Mr. Speaker, I rise today on behalf of the Liberal caucus to pay tribute to the 41st annual Geoscience Forum and trade show.
Mining has come a long way from the Klondike Gold Rush. Mining has been the lifeblood of Yukon for over 100 years and it’s still with us today. Local companies have spearheaded a recent exploration boom, which is considered to be the largest geochemistry experiment in North American history, mostly due to local crews, such as the Ground Truth crew in Klondike. After exploration, these prospectors have reached out to junior companies to use their expertise on the ground in different capacities — new technologies, like GPS and mapping software, for example. Using these new, modern techniques, mining and exploration have continued to develop and adapt.

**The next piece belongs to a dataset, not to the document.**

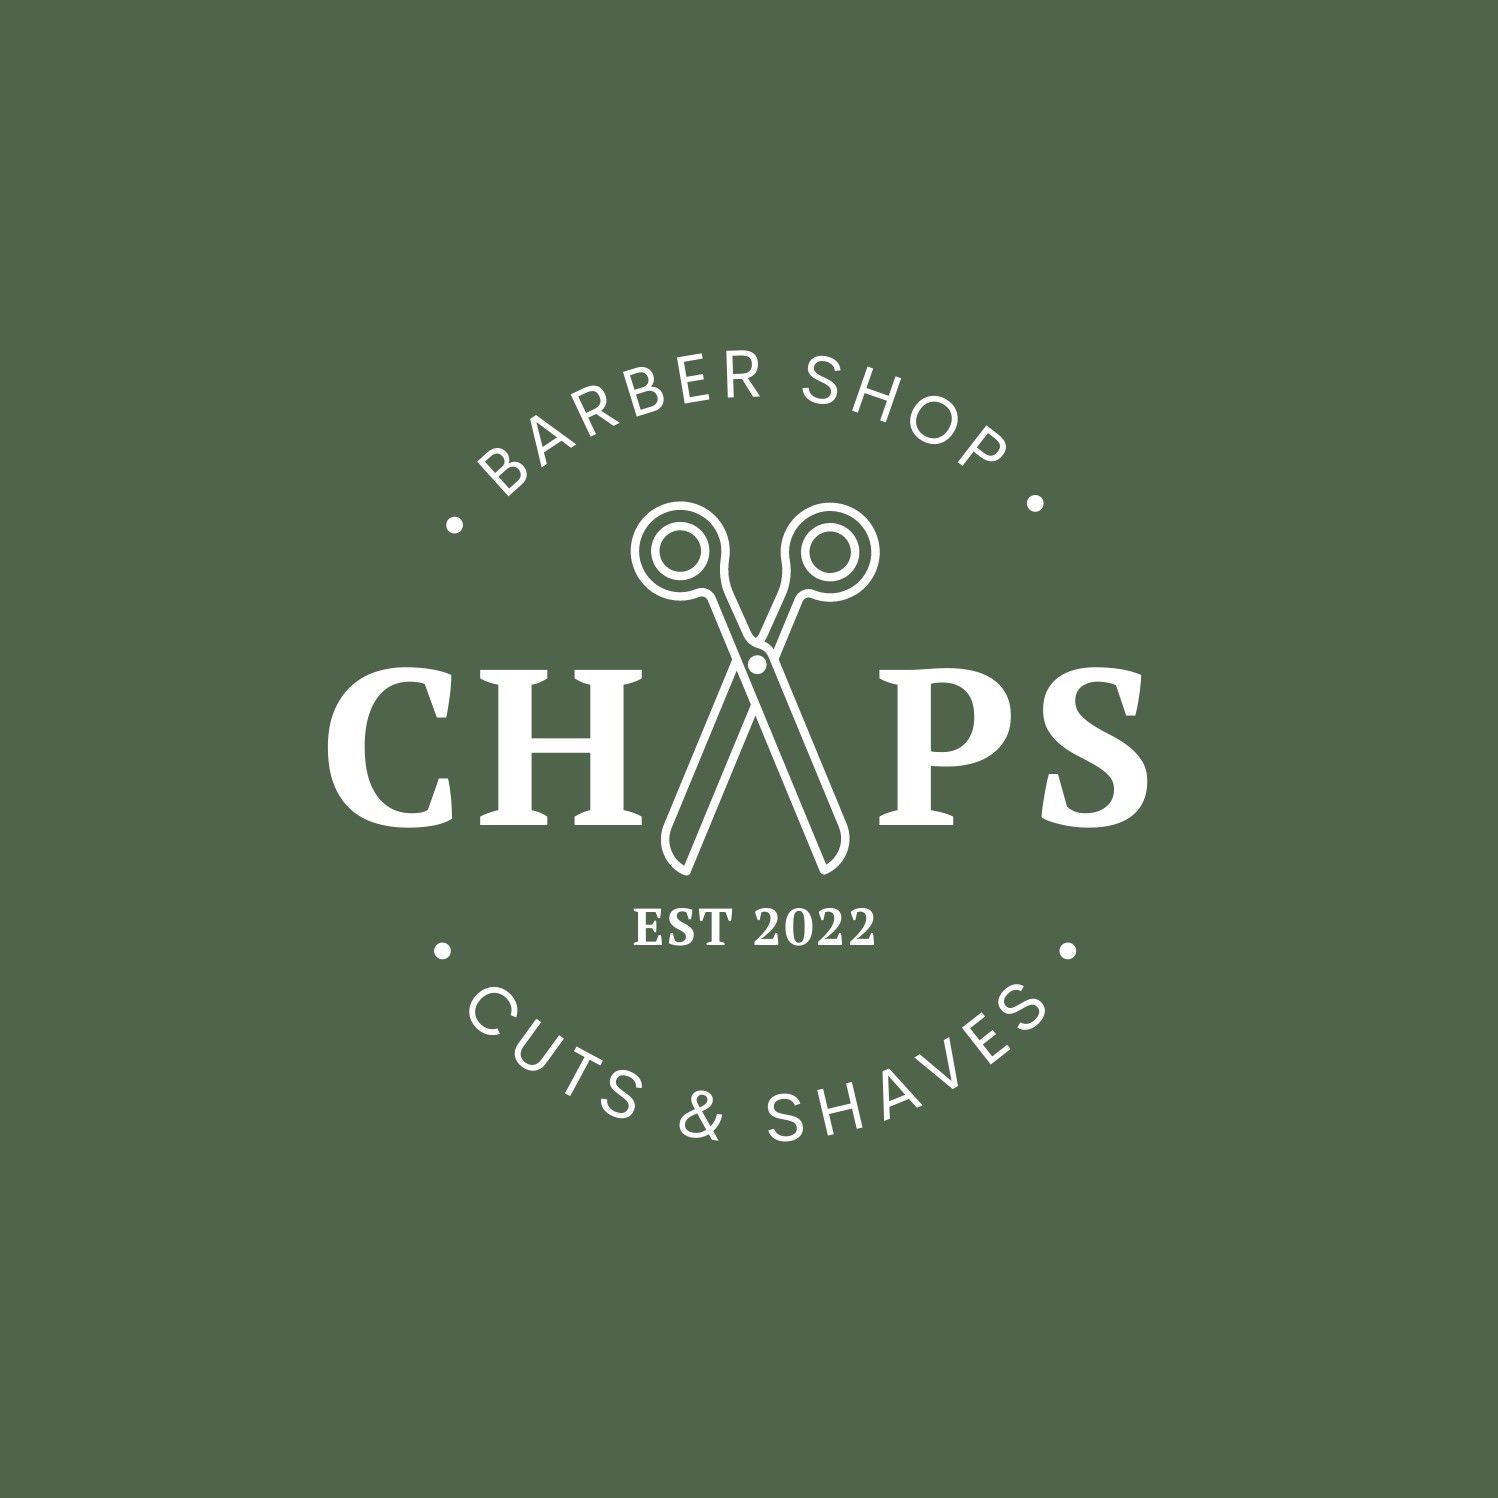 Chaps Barbershop West Lakes, 53 Philips Street, West Lakes, 5021, Adelaide

The Yukon Geoscience Forum and trade show is a great time for the mining industry to gather and showcase their developments in mining and exploration and to come forward with their counterparts and companies to share knowledge and new techniques. It is also time for the industry to come forward and to talk about the concerns from an investment perspective. For mining companies to continue to invest in the Yukon, we must be able to offer regulatory certainty, road accessibility and sufficient power. We must also offer skilled labour within the territory, so Yukon benefits from job creation in the mining industry.
I would like to congratulate and thank members of the mining community for responsible mining and exploration. I would like to congratulate the Yukon Chamber of Mines for all their hard work and commitment. (I hope to see my colleagues join me and the mining community at the Yukon Women in Mining reception at the Kwanlin Dun Cultural Centre tonight.)